DAN HYDE: Rethink this terrible tax on our livelihoods, our high streets and our communities
It's all very well for banks, supermarkets and coffee chains to moan about the taxes they pay - but they have it easy. The real victims are your local greengrocer, baker and cornershop owner.
Devastation is being heaped on communities by so-called business rates, and they can be difficult to fathom.
But 'business rates' is just jargon for the council tax firms pay on their bricks and mortar to fund services, such as repairs to the road outside.
The real victims: Devastation is being heaped on communities by so-called business rates
Like council tax, the charges are based on property values and must be reassessed every so often.
Major retailers won't be badly hit by this April's changes, as taxes will rise in some of the areas where they have outlets and fall in others.
By contrast, family firms can't spread the cost. If property values have soared in their area since 2010 - when rates were last calculated - they face unaffordable hikes.
Make no mistake, the Government is taxing what it can, rather than what it should, and will decimate communities in the process.
Unlike income or corporation taxes, this levy bears no relation to earnings or profits. Most small retailers just about break even.
Their turnover covers wages, new stock, the family car, utility bills and days out - and that's it.
But, if by sheer fluke, their shop is in a village where property prices have rocketed in the past seven years, their bills could go from £300 a year to £3,000 over the next five.
Where does the Government think families will get that kind of money? If they cannot dip into their own pockets, they'll just close.
That'll leave our High Streets full of bookmakers, charity shops (which don't pay business rates) and big chains that employ armies of accountants to dodge as much tax as possible.
John Whiting argues profits from Airbnb and eBay should be taxed
We urgently need a rethink of how these taxes are calculated, before thousands of livelihoods and country towns are ruined for ever.
Taxing task
Did you file your tax return on time? As the deadline passed last night, accountants said thousands were being penalised for forgetting to mention old savings accounts, work health insurance and so on.

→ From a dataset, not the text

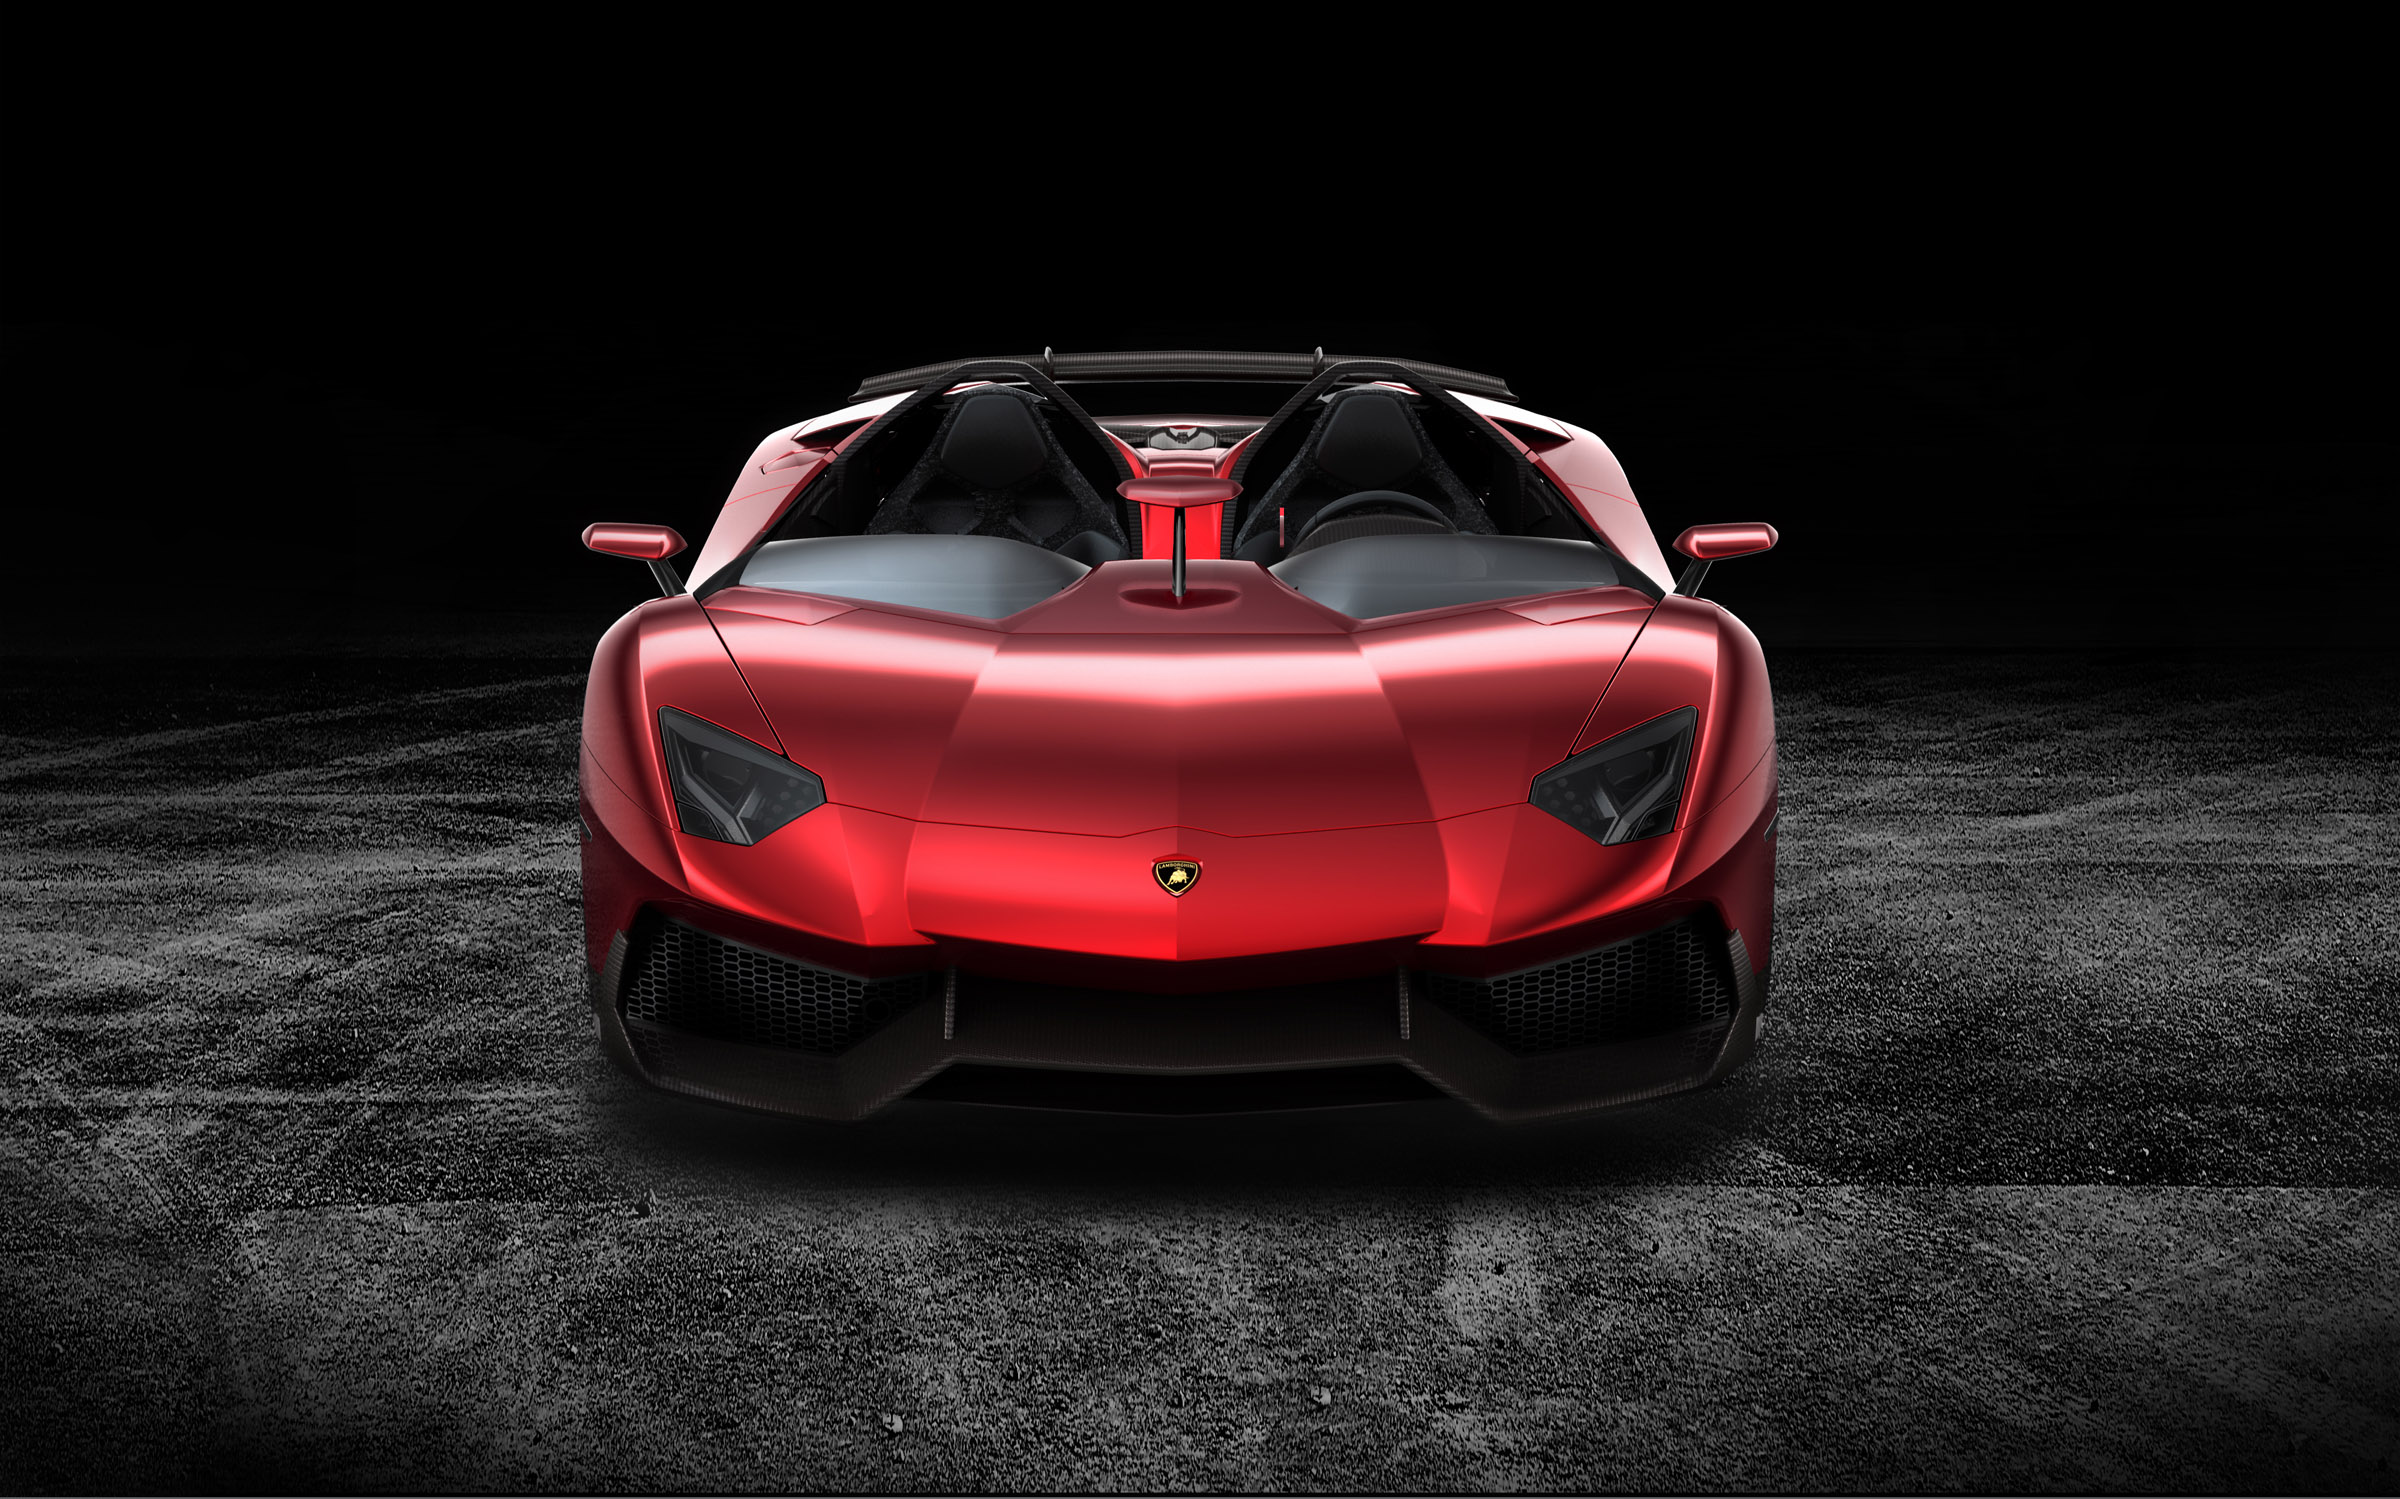 Lamborghini Aventador J Выявлено - фотография №8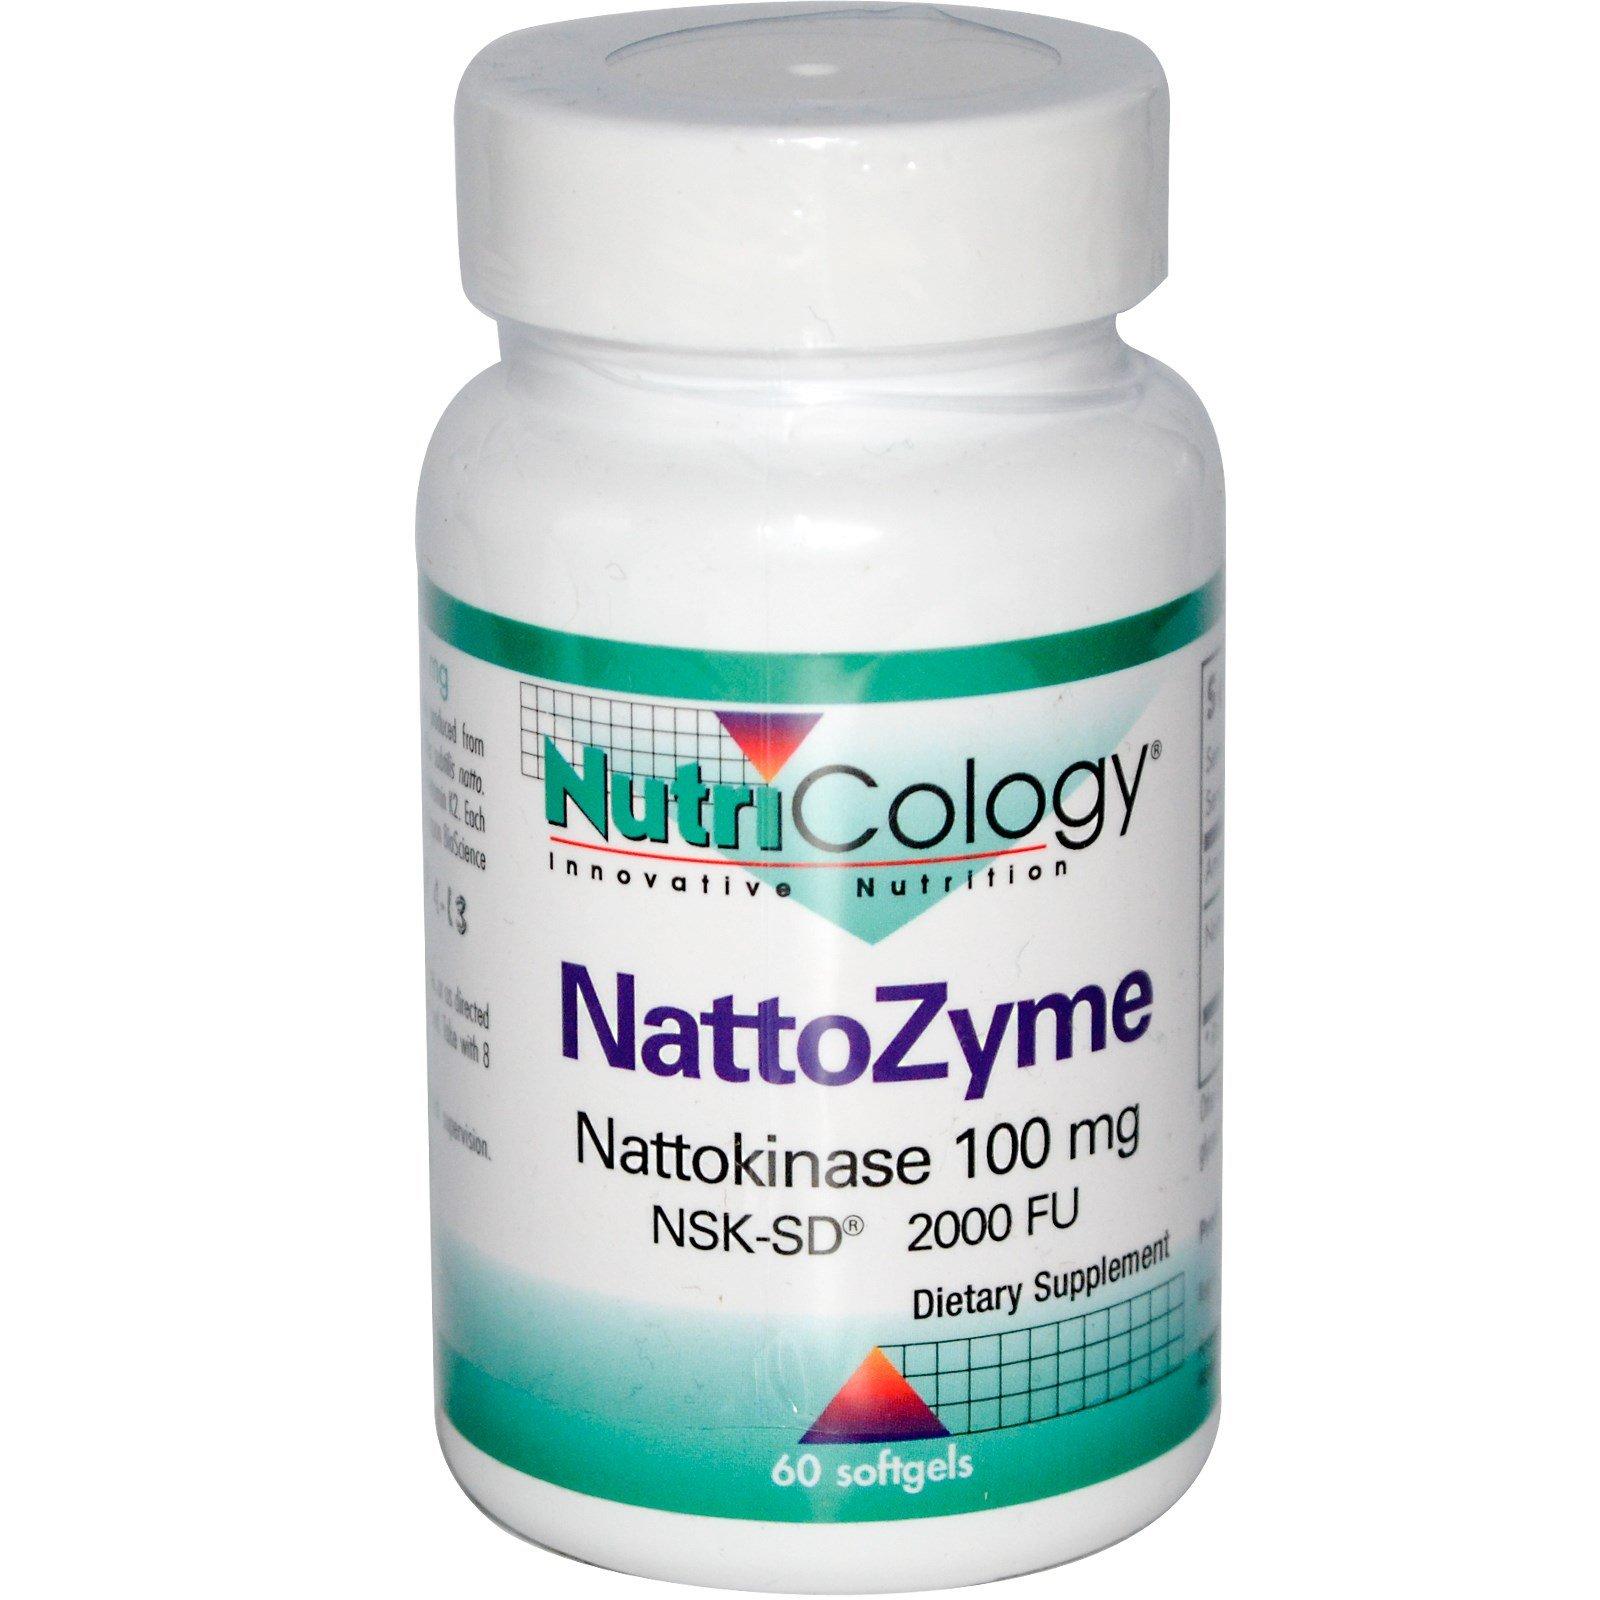 Nutricology, NattoZyme, Nattokinase, 100 mg, 60 Softgels - 3PC

Last year, 142,775 people were fined for 'careless errors' - a 66 per cent rise on the previous 12 months.
But this is a problem of the Government's own making. Since the Office of Tax Simplification was formed in 2010, the length of our tax code has roughly doubled.
The quango's director, John Whiting, argues our tax system must take in new money-making schemes, such as homeowners letting properties on Airbnb or trading on eBay.
But his job has been made unnecessarily complicated by repeated Government tinkering with savings, such as the £1,000 tax-free allowance.
In his own words, it's been like trying to paint Brighton pier as it's extended to France.
He should tell Chancellor Philip Hammond it'd make all our lives easier if he just scrapped all tax on savings. And how about ditching that pointless lifetime cap on pension saving while he's at it?
Gadget grief
It's all change for the telly. Not what's being shown on screen, but the way we watch it.
The 3D revolution is dead, with LG, Sony and Samsung ceasing production of the specialist sets. Turns out nobody wanted to wear the silly coloured glasses every time they turned on the box. You really don't say!
Now Dixons has a deal where you pay a monthly fee for your TV instead of buying one.
If a set breaks, the firm will repair or replace it.
I'm not sure it'll catch on, but at least Dixons, the owner of PC World, is trying to listen to what shoppers actually want.
The same can't be said about some of its in-store policies.
I've written before about the PC World store that told me you can't try headphones before buying — or return them if they sound tinny when you get them home.
After writing to Sebastian James, the firm's chief executive, he sent this polite reply: 'I don't think we covered ourselves in glory in terms of the advice we gave you.
We do allow customers to return unused products within a period of time, even if they are not faulty and I'm sorry you were told differently.'
Great. And he says that the staff in the store that I visited are to be retrained.
He did add, however, that the gadgets where the box seals are broken 'are, in many cases, worthless,' so Dixons 'needs to be stricter' than fashion retailers on returns. That is just a little bit too vague for my liking.
Aid the elderly
Surrey County Council's response to the care funding crisis embodies everything that is wrong with the way our elderly are looked after.
Money Mail has seen documents that show officials went into the empty home of a widowed nursing home resident in her 80s to find proof she could afford care fees.
The council got her permission to do this just a month before she was judged incapable of managing her affairs.
It found bank statements showing £39,518 in savings and now wants to take control of her estate - she has since died - to cover the £36,333 care fees it paid.
The cash-strapped councils can't afford care bills of up to £1,000 a week per person - but who can? The Government could help.
How about allowing money to be taken out of pensions tax-free to pay for care? And perhaps give people a 50p top-up for every £1 put into a 'care Isa'?
Everyone in Britain must share the care funding burden now - and that still has to include the state.